▶ **What you should do**: The reply should match the listing below character for character, except that no image is carried over.

▶ **Stored data**:

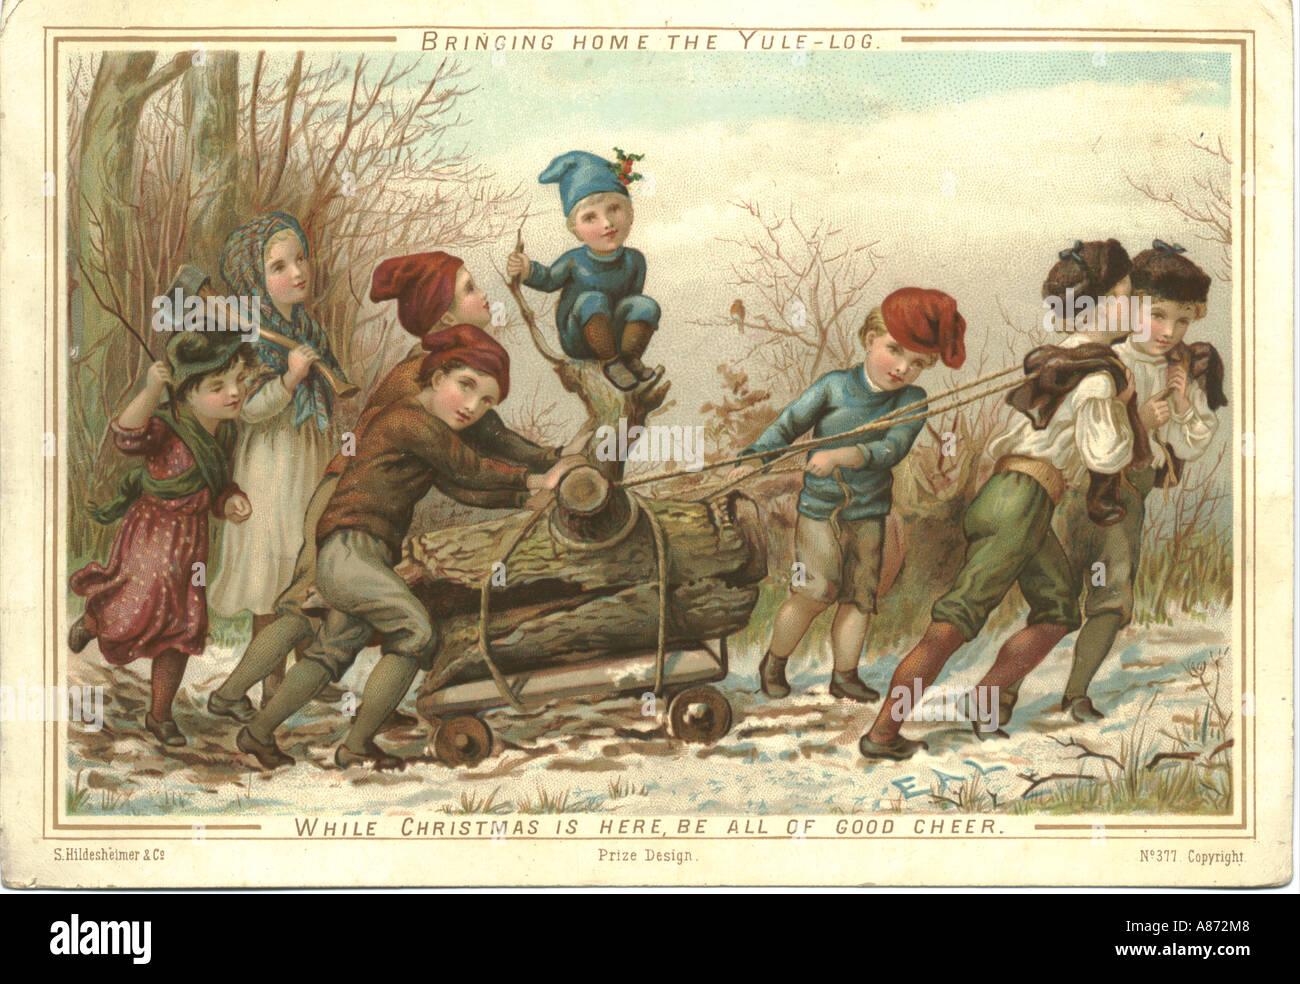 Christmas greeting card circa 1881 by eliza ann lemann titled christmas greeting card circa 1881 by eliza ann lemann titled bringing home the yule log kristyandbryce Choice Image
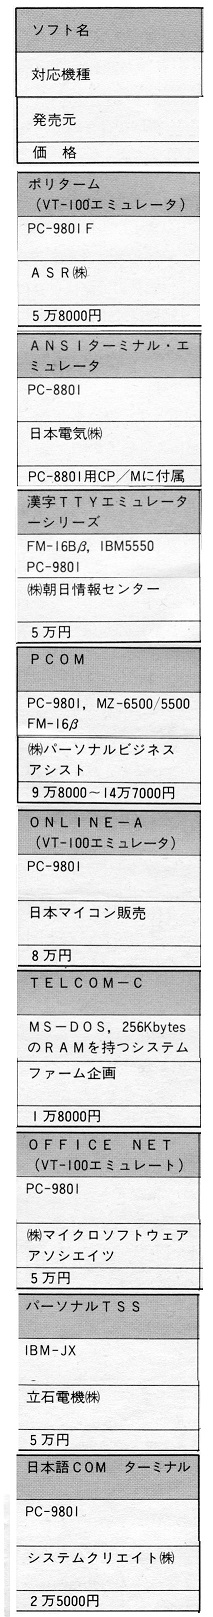 ASCII1985(09)c02ネットワーク表4_ターミナルソフトウェアの仕様W213.jpg
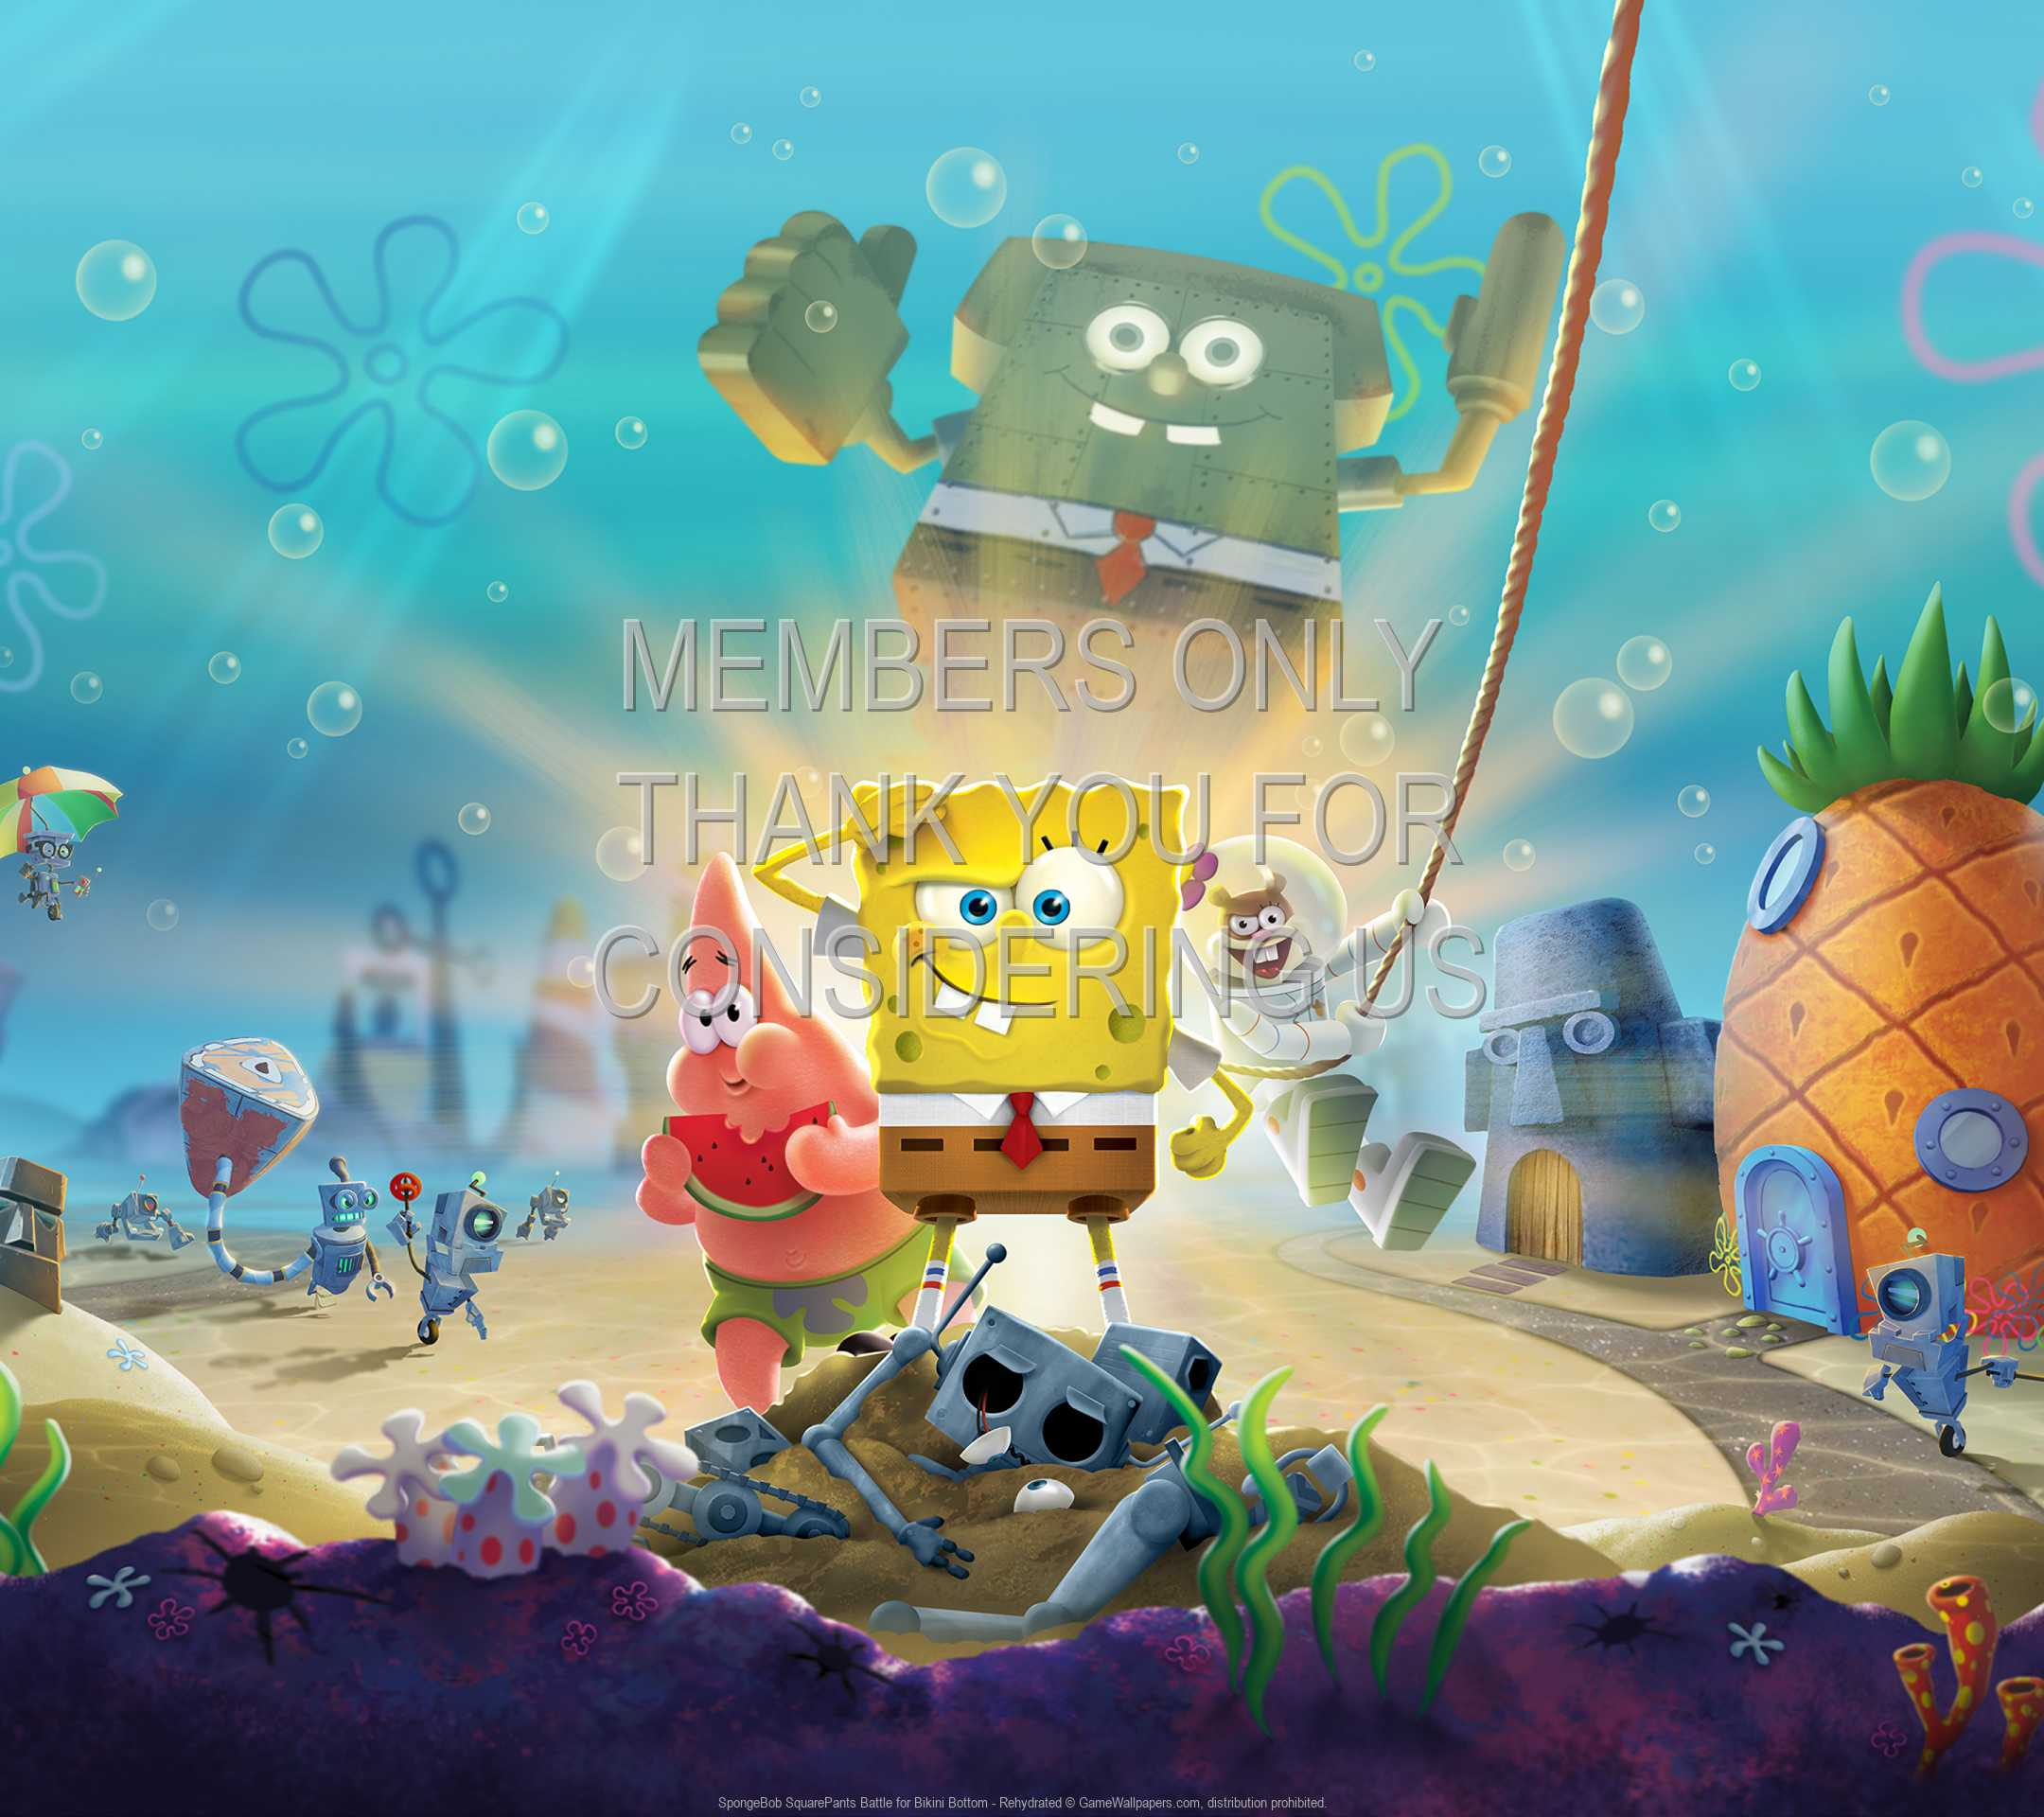 SpongeBob SquarePants: Battle for Bikini Bottom - Rehydrated 1080p Horizontal Mobile wallpaper or background 01
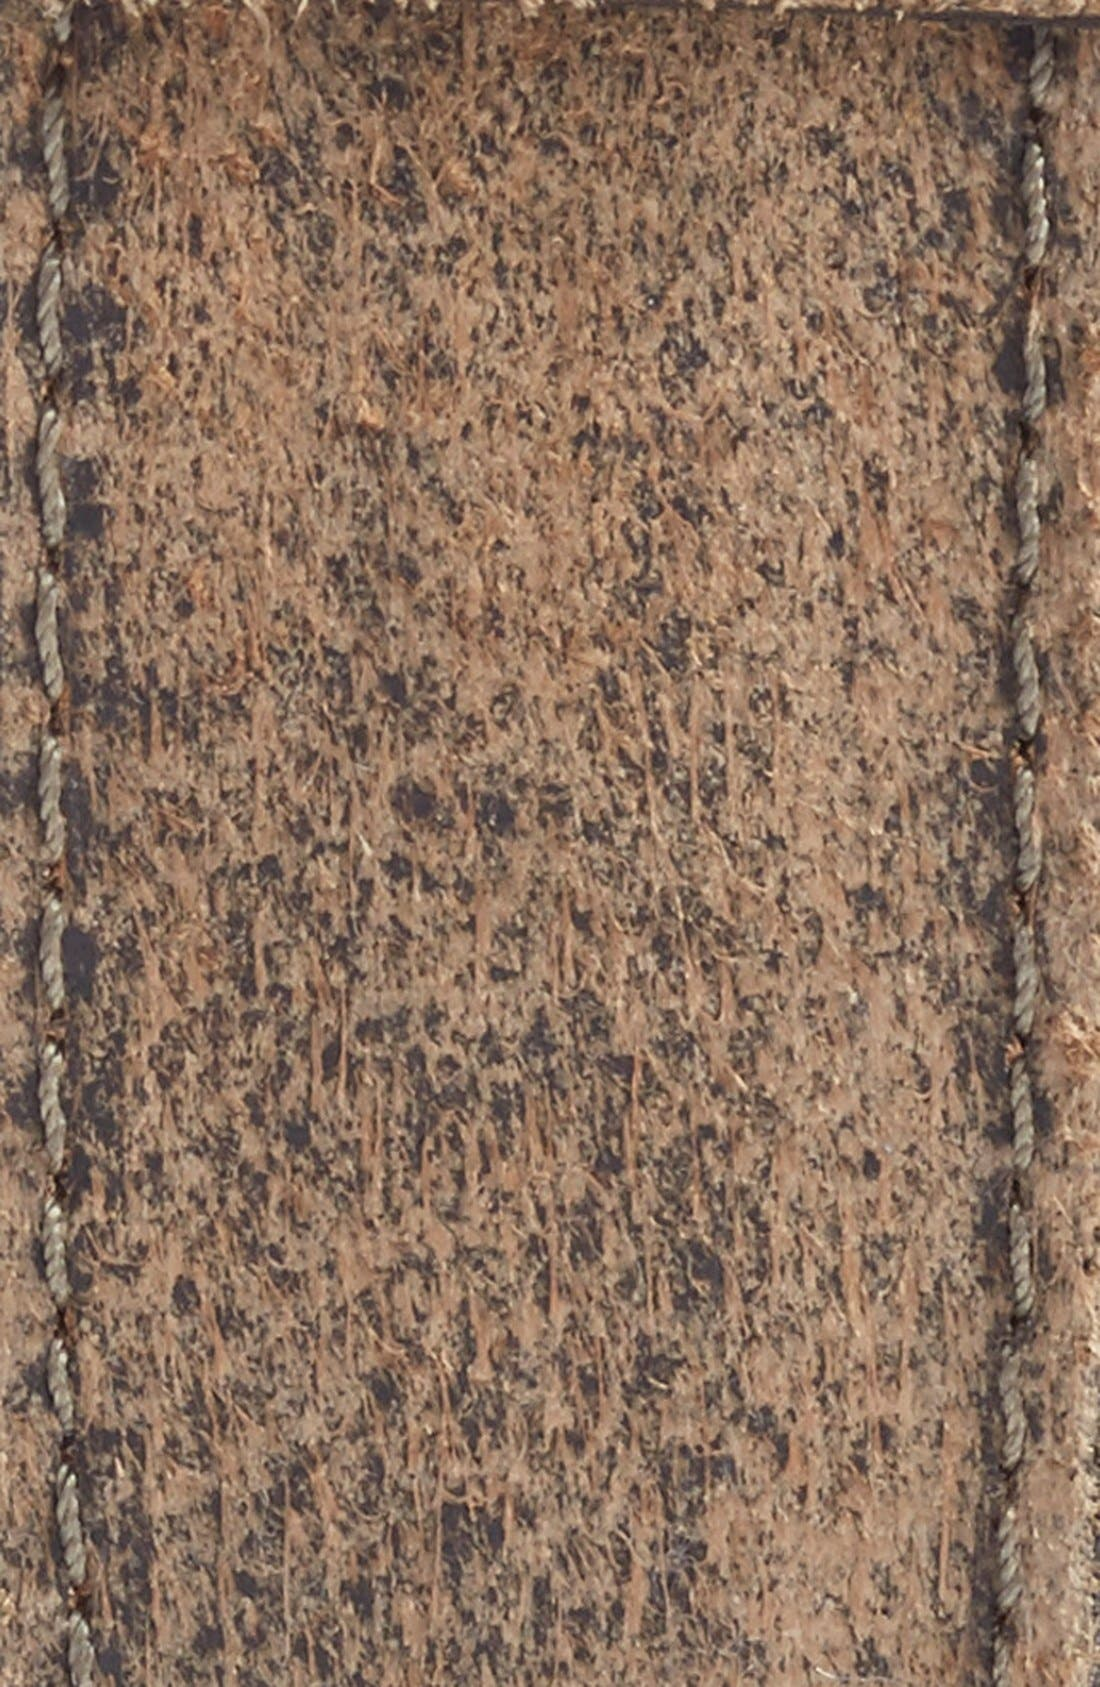 Sanded Leather Belt,                             Alternate thumbnail 2, color,                             Moss

▶ **Task answer**:
 Christmas greeting card circa 1881 by eliza ann lemann titled christmas greeting card circa 1881 by eliza ann lemann titled bringing home the yule log kristyandbryce Choice Image
 ASCII1985(09)c02ネットワーク表4_ターミナルソフトウェアの仕様W213.jpg
 SpongeBob SquarePants: Battle for Bikini Bottom - Rehydrated 1080p Horizontal Mobile wallpaper or background 01
 Sanded Leather Belt,                             Alternate thumbnail 2, color,                             Moss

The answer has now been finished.